Moreover, the payments should have been reported as a campaign expenses, but they were not because doing so would have defeated their purpose. So the payments were fraudulently misrepresented to be lawyer fees, and when it was discovered, Trump lied about the scheme.
> the payments should have been reported as a campaign expenses
You have it exactly backward. The law is clear that "campaign expenses" cannot have any personal component. That makes sense, because the focus of the law is to prevent candidates from calling things "campaign expenses" that are actually for personal benefit. John Edwards was prosecuted for using campaign funds to keep his mistress silent because hiding an affair has a personal component in addition to a political component.
If Trump had been charged with a campaign-finance violation, his straightforward defense under well-established precedent would be that paying off Stormy Daniels had a personal component (avoiding personal embarrassment and his wife finding out), in addition to whatever effect it had on the campaign. The prosecution would have been required to prove beyond a reasonable doubt that Trump's marriage was so dysfunctional that the only reason he would have paid off Stormy Daniels was the election.
That's why prosecutors didn't charge him with a campaign finance violation.
Whatever you're trying to say here is lost in the weeds.
You also can't have your personal lawyer take out a loan and spend it on expenses for your campaign and not report that as a campaign expense.
If you're running for public office, you can't commit fraud to hide things from the electorate because you don't want them to find out.
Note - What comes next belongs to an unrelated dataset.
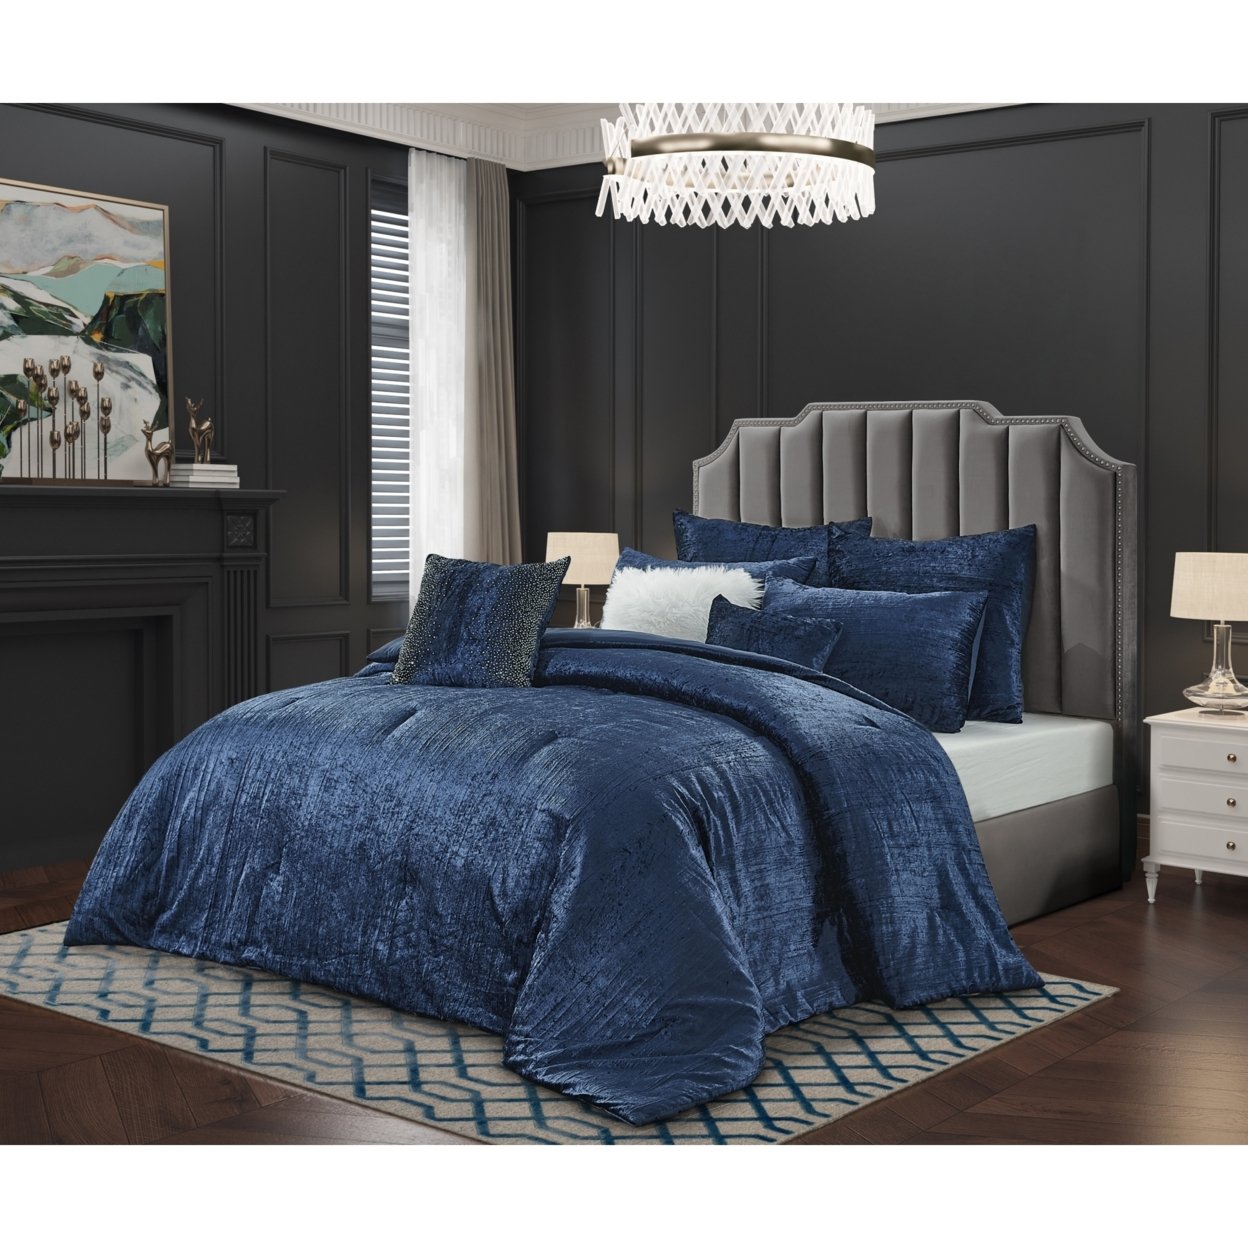 Abella Comforter Set -Crinkle Velvet , Soft and Shiny - navy, full/queen - full/queen navy blue

That can't be allowed in free and fair elections. If you get elected doing that, people have every reason to question your legitimacy. If you get caught and lie about it, expect people not to trust you. If you get charged with a crime related to that conduct, don't be surprised when a jury finds you guilty, because it's shady af. This is all very straightforward stuff.
> Whatever you're trying to say here is lost in the weeds.
No, I’m talking about the law. You’re wrong about what you think campaign finance law says.
> You also can't have your personal lawyer take out a loan and spend it on expenses for your campaign and not report that as a campaign expense.
The law is the exact opposite. You cannot call something a “campaign expense” if it is an expense you would incur “irrespective of the campaign.” (That’s the magic phrase in FEC regulations.) If you pay off your mistress and call it a campaign expense, you’ll be prosecuted for campaign finance violations, because the prosecutor would say that you could have non-campaign reasons to do that. John Edwards was prosecuted for doing exactly that.
The New York federal prosecutor (SDNY) investigated the exact theory you are talking about: charging Trump with a campaign finance violation. They didn’t bring the case because all Trump would have to do is prove that he would have paid off Stormy Daniels “irrespective of the campaign.”
And? Like I said you’re lost in the weeds. I think you’re focused too much on being coy, rather than what I’m saying.
> The law is the exact opposite.
As far as I know if you spend money on a campaign you have to report it. If you get someone to spend money for you, you have to report it.
Seems like what you're trying to say is he didn't have to report it because arguably it had a personal component. Okay but that apparently wasn't the case; after the trial it is clear the payments were mostly for the campaign and not to save his relationship or himself of personal embarrassment. If you're trying to say "well he wasn't charged that way so it can't be election fraud" then again, I think you're missing my point.
Either way, I'm left at trying to guess your point because you haven't been clear in making it.
> They didn’t bring the case because
And?? Leaving aside you don’t know why any prosecutor didn’t bring a case, what are you implying? Make your point instead of dancing around it for 2 days.
Whether a prosecutor thinks they can prove that at trial is a different matter. That he was charged under a different law doesn’t make the underlying conduct okay from an elections perspective whether or not some federal prosecutor decided to charge that.
Either way what he did was he committed fraud and lied about it as POTUS, committing some of those crimes in the Oval Office, all to increase the chances of being elected. That is not okay. That makes one arguably (and definitely in my mind) illegitimate as a public servant. Apparently it’s also a felony.
If you think that conduct is okay because of whatever technicalities you can come up with, you’re missing my entire point.
How could it be about "campaign funds" when the charge was about the Trump organization's business records? What you're describing is a straightforward campaign finance violation, which he could have been charged with if it were true.